* _DATA SECTION_:
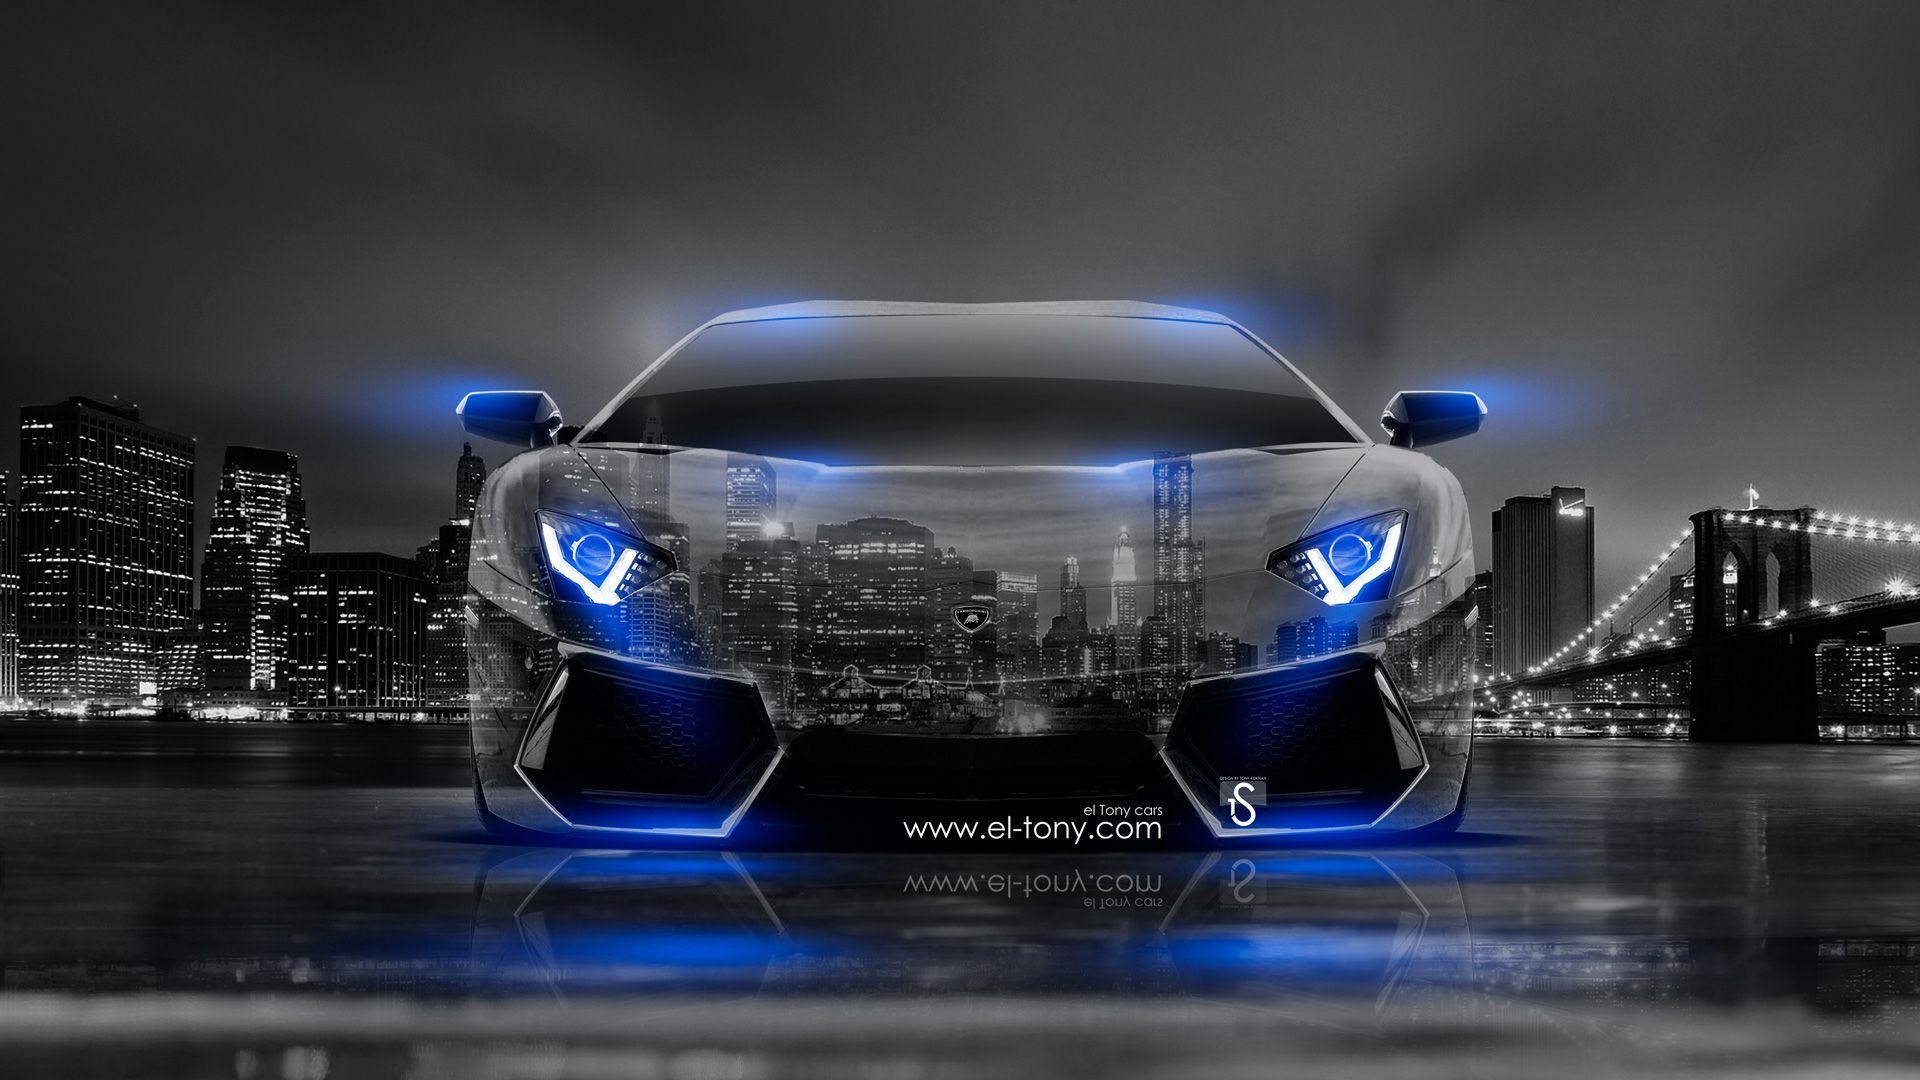 Beautiful Black Lamborghini With Neon Blue Lights Gallery
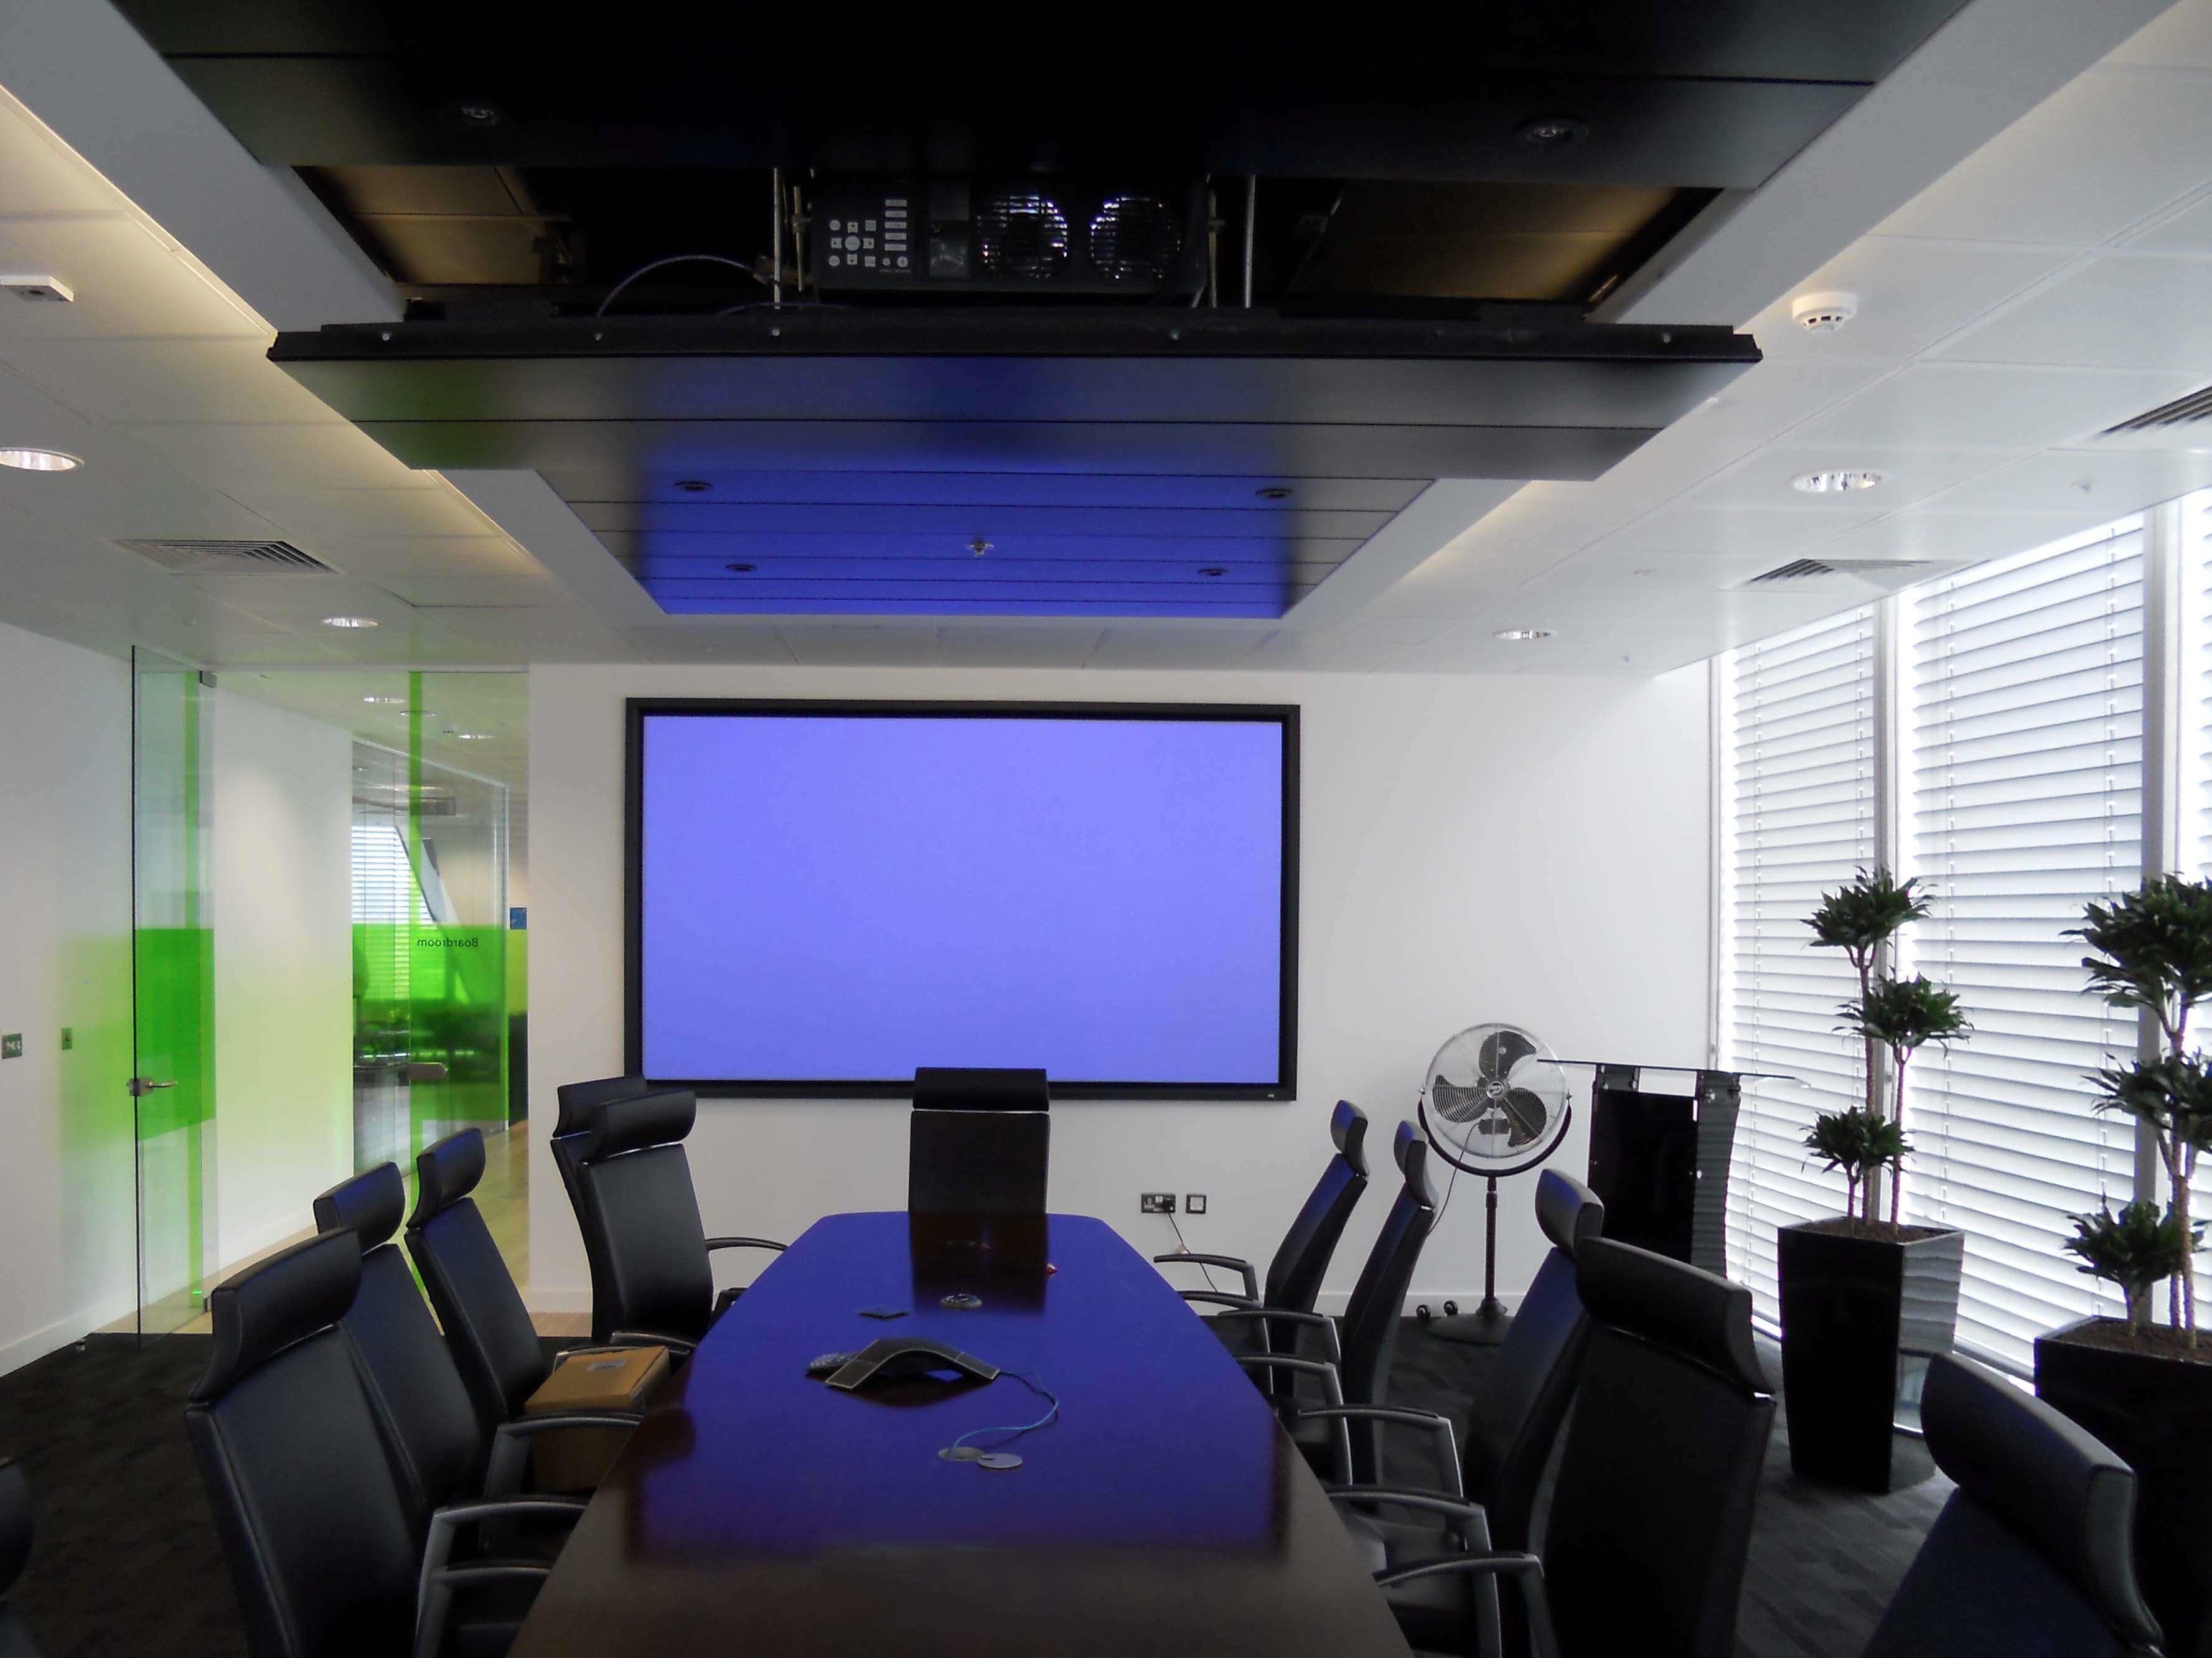 Mitsubishi Electric Remote >> Projector Gallery | Master AV Services
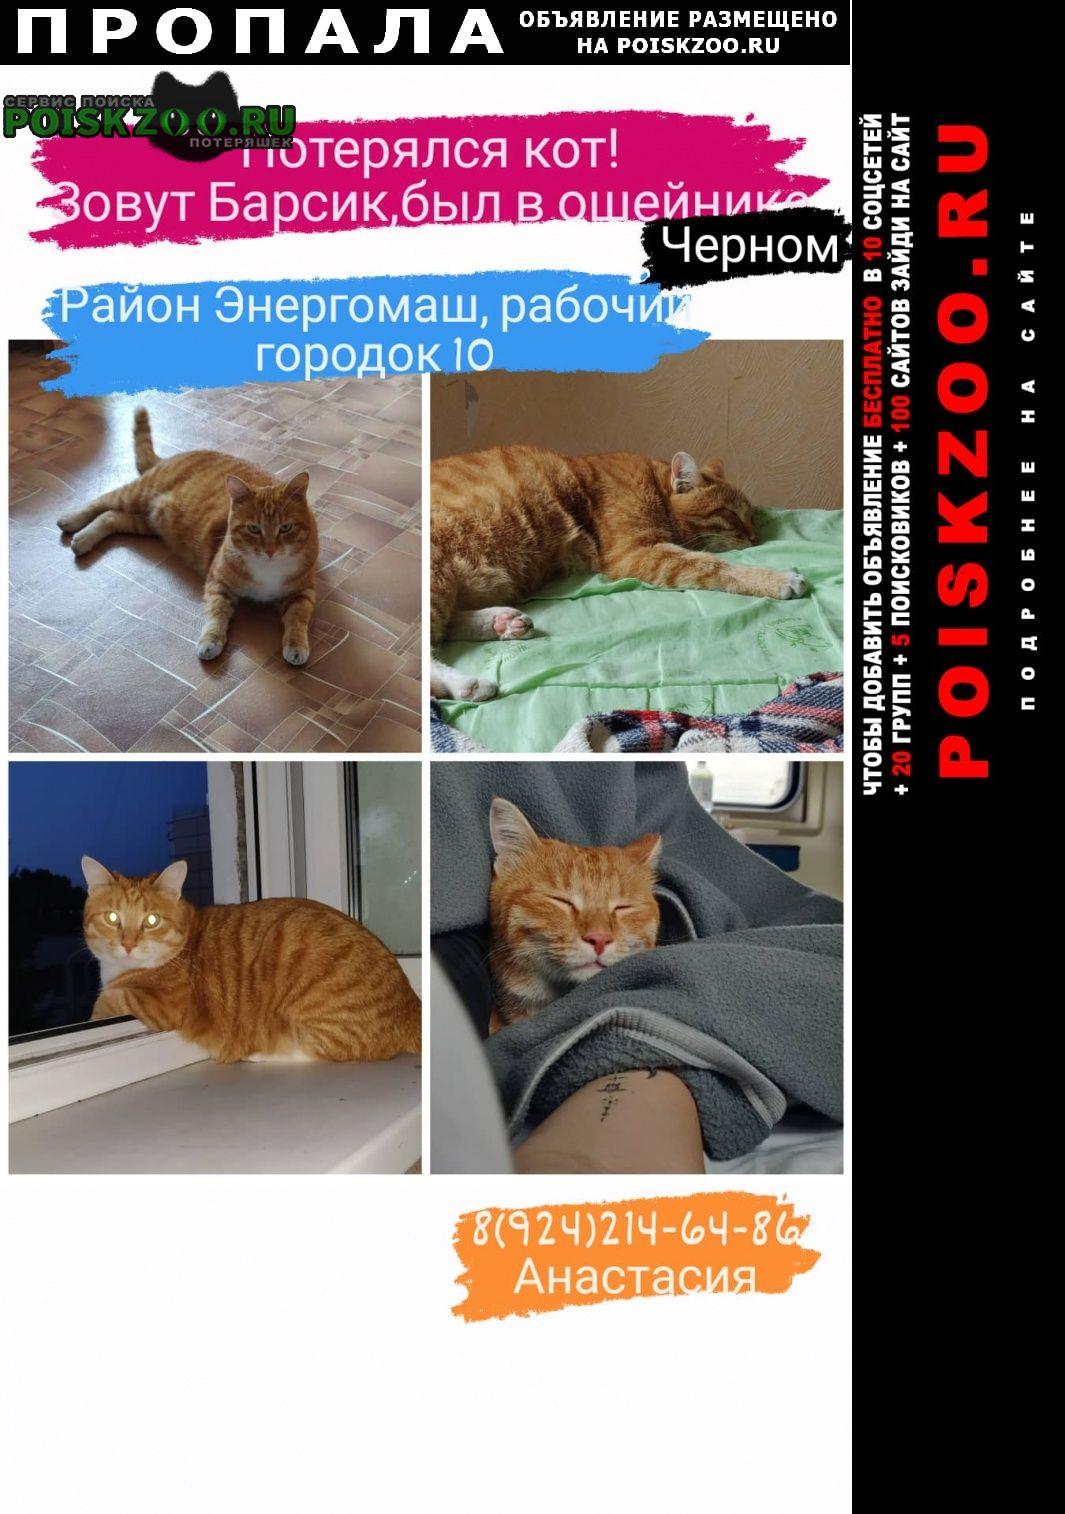 Хабаровск Пропал кот барсик
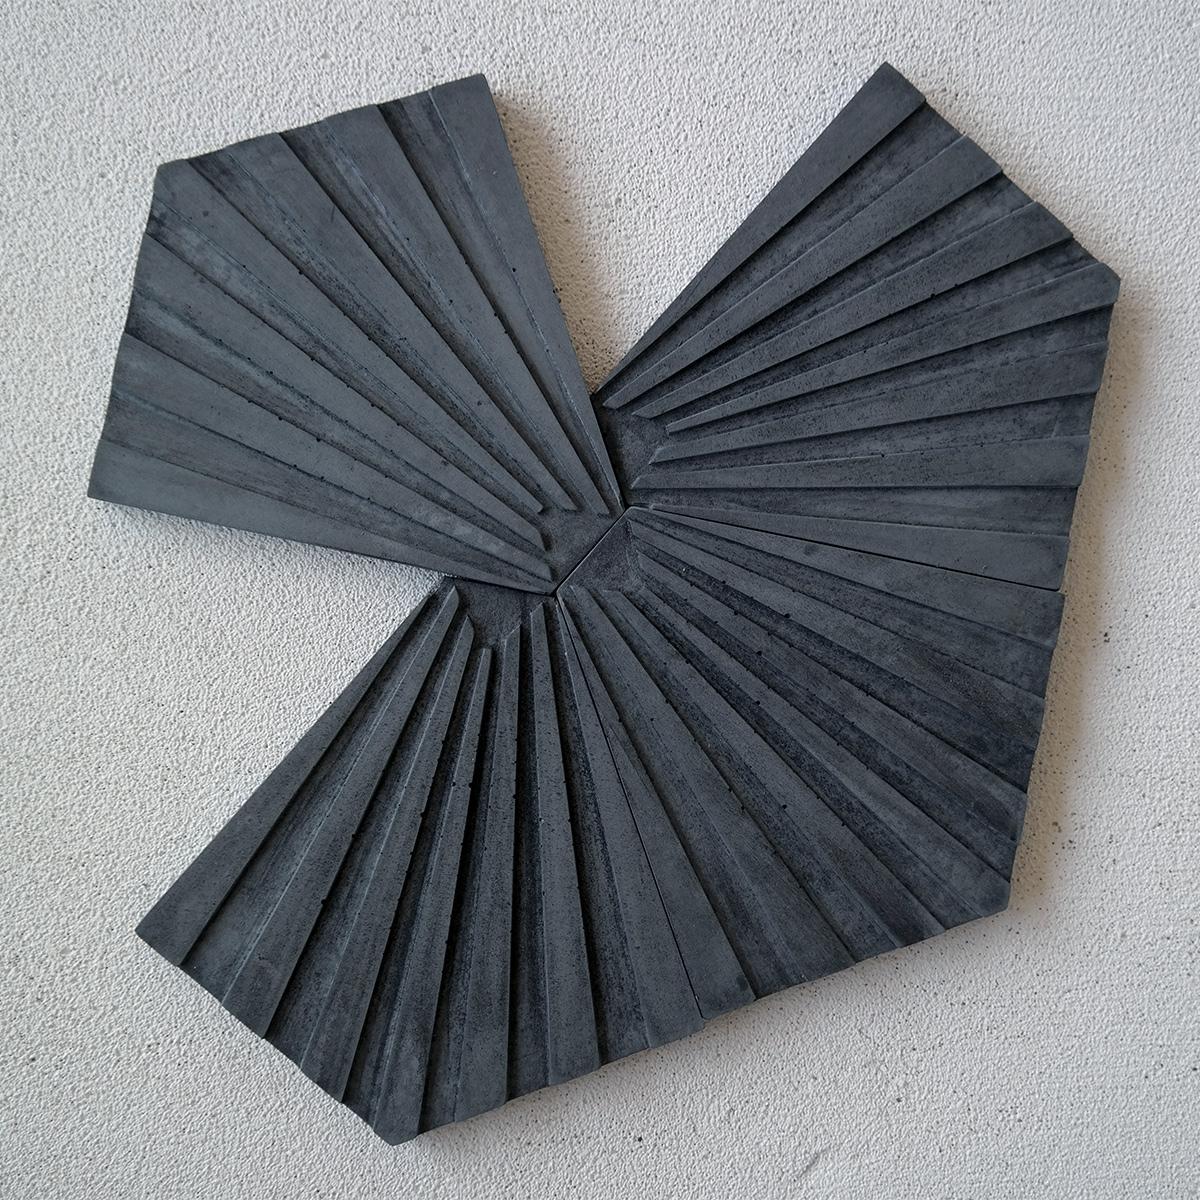 MODI-beton-onderzetters-vorm-antra

* _TRY IT_: Print the material precisely as given, dropping any images it holds.

* _ANSWER BOX_:
 Beautiful Black Lamborghini With Neon Blue Lights Gallery
 Mitsubishi Electric Remote >> Projector Gallery | Master AV Services
 Хабаровск Пропал кот барсик
 MODI-beton-onderzetters-vorm-antra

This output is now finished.